As already shown in Fig. 2, the major source of salinity anomaly accomplished by changes in hydrological cycle during the warming scenario is the one in the MA. Hence, an indication of the different degrees of inertia shown by the models can be inspected by evaluating (i) the capacity of each model in opposing changes directly induced by external forcing, and (ii) the rapidity in re-establishing the initial condition in the MA once the radiative forcing is reversed. Figure 11 illustrates the evolution \(M_t^{\text {MA}}\) where the negative (positive) filled regions indicate the total amount of freshwater loss (gain) into the MA. For all models, the ramp-up phase is characterized by a salinity rise (negative \(M_t^{\text {MA}}\)) within the MA. This trend continues also for part of the ramp-down phase, notably for HadGEM2-ES and IPSL-CM5A-LR, in which a freshening starts to take place only at the end of the experiment (positive \(M_t^{\text {MA}}\)). The ratio between salinification/freshening, i.e. negative filled portion/positive filled portion in Fig. 11, reported in Table 3 suggests that for HadGEM2-ES and IPSL-CM5A-LR there is more “resistence” compared to EC-EARTH and MPI-ESM-LR in releasing the amount of salinity anomaly generated in MA during the ramp-up experiment.

Fig. 11

Evolution of the term \(M_{\text {t}}^{\text {MA}}\) of Eq. 10 for a EC-EARTH, b HadGEM2-ES, c IPSL-CM5A-LR and d MPI-ESM-LR. The negative region (blue) represents the salinity anomaly build-up in MA during the warming scenario, while the positive region (red) indicates the freshening trend after the reversal of the radiative forcing

Table 3 Quantification of the total volume of equivalent freshwater entering and leaving the MA

This different inertia can be inspected in the AMOC index of Fig. 4. By considering \(\varOmega\) as NA–SA, it is possible to study the evolution of AMOC through the \(S^*_t\) term. Hence, in this case, \(S^*_t\) is directly related to meridional salinity contrast \(\varDelta S_{\text{NA-SA}}\) and, in turn, to \(\varDelta \rho _{\text{NA-SA}}\) and AMOC. Different inertia of the OCE terms determine different behaviours of \(S^*_t\). More inertial models are indeed those in which the AMOC reduces most during the ramp-up and those with a slower recovery. The evidence that most of the salinity anomaly still remains within the MA for all models suggests that longer simulations with a stabilized radiative forcing can possibly temporarily enhance the AMOC for EC-EARTH and MPI-ESM-LR further and can potentially trigger a (shifted in time) AMOC overshoot even in HadGEM2-ES and IPSL-CM5A-LR.

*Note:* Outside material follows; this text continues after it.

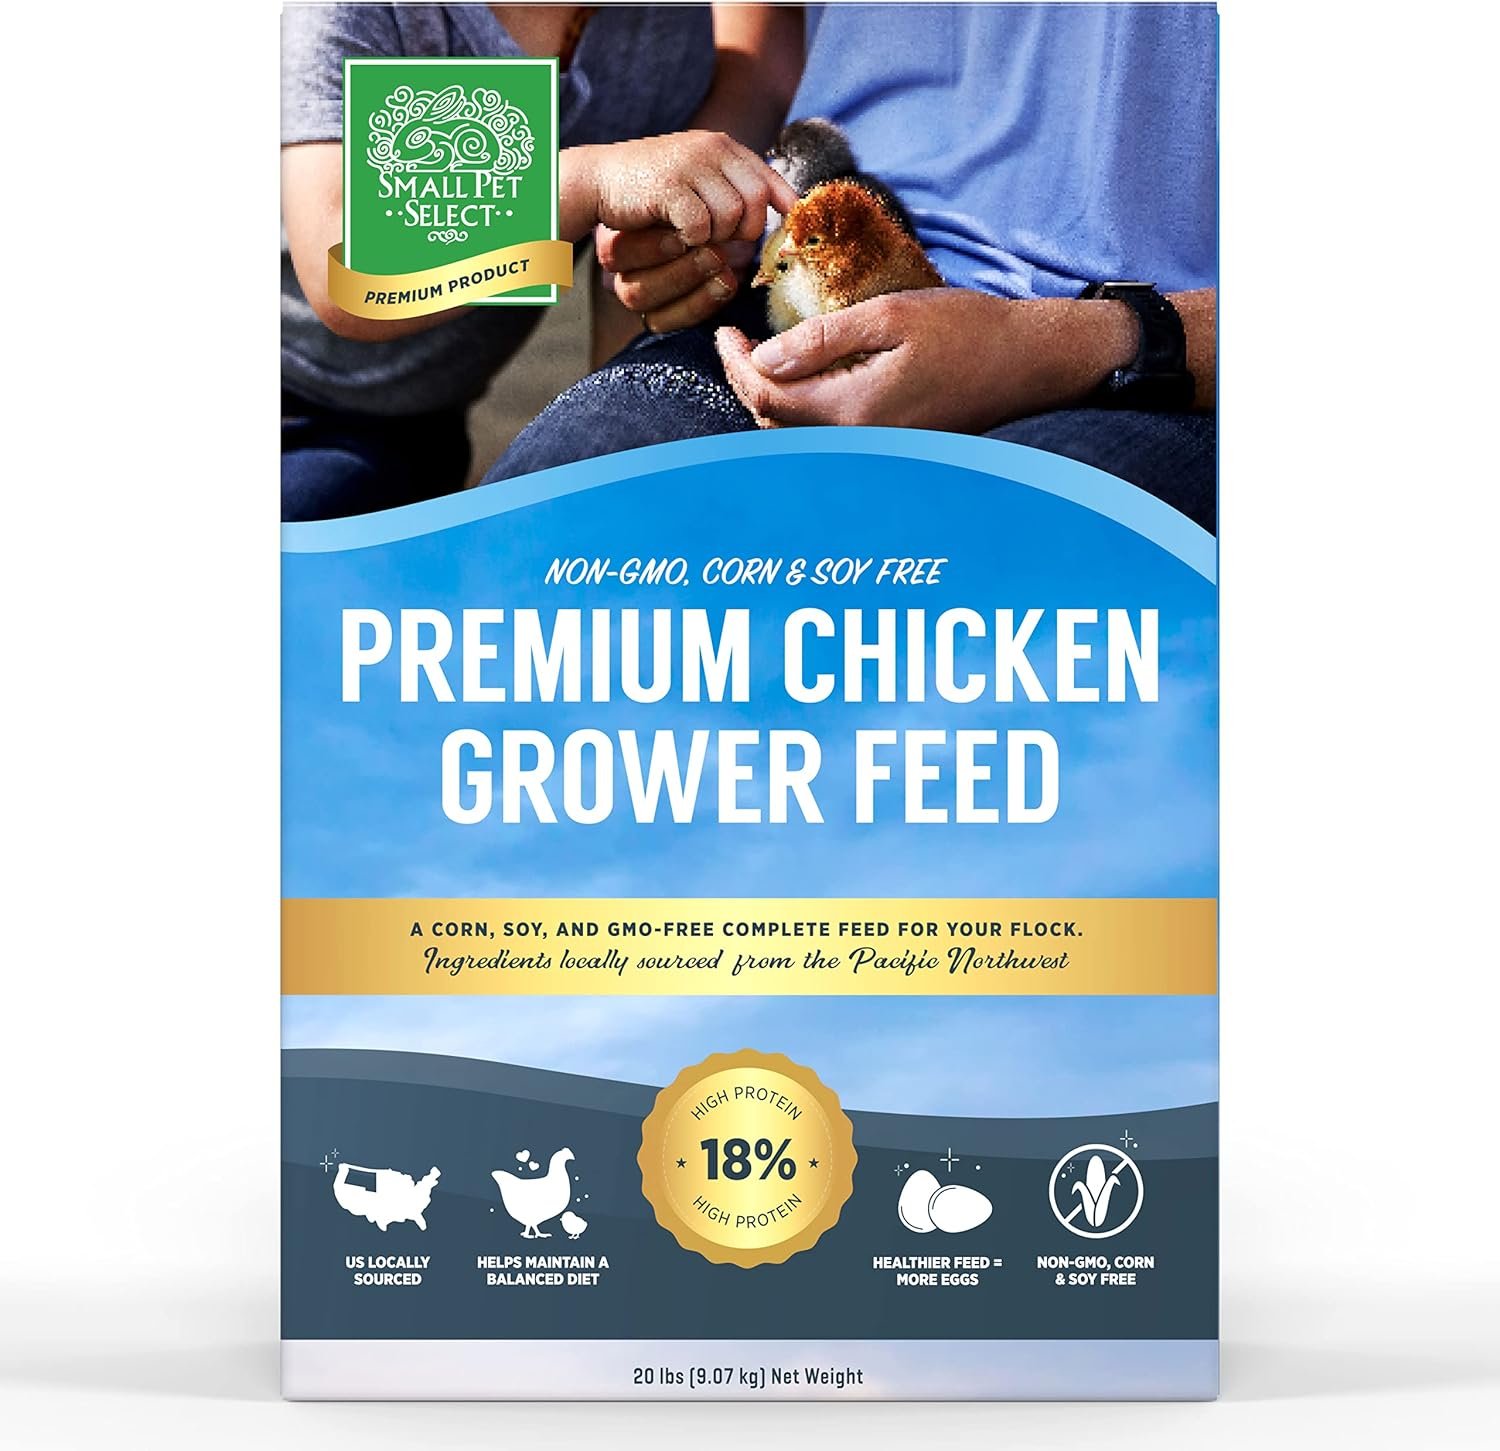 Small Pet Select - Chicken Grower Feed, Non-GMO, Corn  Soy Free, 20lb

4.3 Different responses of freshwater advection in NA and SA

If applied to the meridional salinity contrast, i.e. \(\varOmega ={\text{NA}}-{\text{SA}}\), the conceptual analysis presented in Fig. 10 can only partially explain the behaviour of the AMOC. Indeed, it assumes that the salinity recovery within NA and SA occurs at the same time, as the OCE term is symmetric to \(t_1\) or \(t_2\) (see Fig. 10). However, the models can adjust in different ways at the boundaries of NA and SA, meaning that an out-of-phase response between NA and SA may arise. In order to account for this, in Fig. 10 the decompositions \(\text {EPRI}=\text {EPRI}_{\text{NA}}-\text {EPRI}_{\text {SA}}\) and \(\text {OCE}=\text {OCE}_{\text {NA}}-\text {OCE}_{\text {SA}}\) enables to analyze the response of \(\varDelta S_{\text{NA-SA}}\), i.e. \(S^*_t\), under un-synchronized oceanic components. In this conceptual framework, the delayed response of the SA with respect to NA produces an overshoot of \(\varDelta S_{\text{NA-SA}}\) that can occur as early as during the ramp-down phase (Fig. 12a), while, in the opposite case, the meridional salinity contrast needs more time to recover (Fig. 12b) without showing any overshooting.

Fig. 12

Conceptual evolution of \(\varDelta \text {AMOC}=kS^*_t=k \int\nolimits _{t_{ini}}^t (\text {OCE}_{\text {NA}}+\text {EPRI}_{\text {NA}}-\text {OCE}_{\text {SA}}-\text {EPRI}_{\text {SA}}) \mathop {}\!{\mathrm {d}}t\) (red line), where \(k\) is an empirical scaling constant, under different out of phase responses of the EPRI terms (green and cyan lines) and OCE terms (blue and violet lines). a faster response in the NA; b faster response in the SA. \(T_{\text {EPRI}}\) corresponds to the end of ramp-down, i.e. when the EPRI terms become constant, while \(T_{R}^{\varOmega }\) refers to Eq. 12, with \(\varOmega ={\text {NA}}\) or SA

In order to test the conceptual validity of such a simplified model, we have reconstructed the OCE and EPRI terms from the model outputs by using a 2nd degree interpolating polynomial as shown in Fig. 13. Furthermore, for the generic box \(\varOmega\), we have defined the parameter \(T_R^{\varOmega }\) as

$$\begin{aligned} {T}_{R}^{\varOmega }: \int\nolimits _{t=0}^{T_R} \text {OCE}^{\varOmega } dt=\int\nolimits_{t=0}^{T_R} \text {EPRI}^{\varOmega } dt \end{aligned}$$

(12)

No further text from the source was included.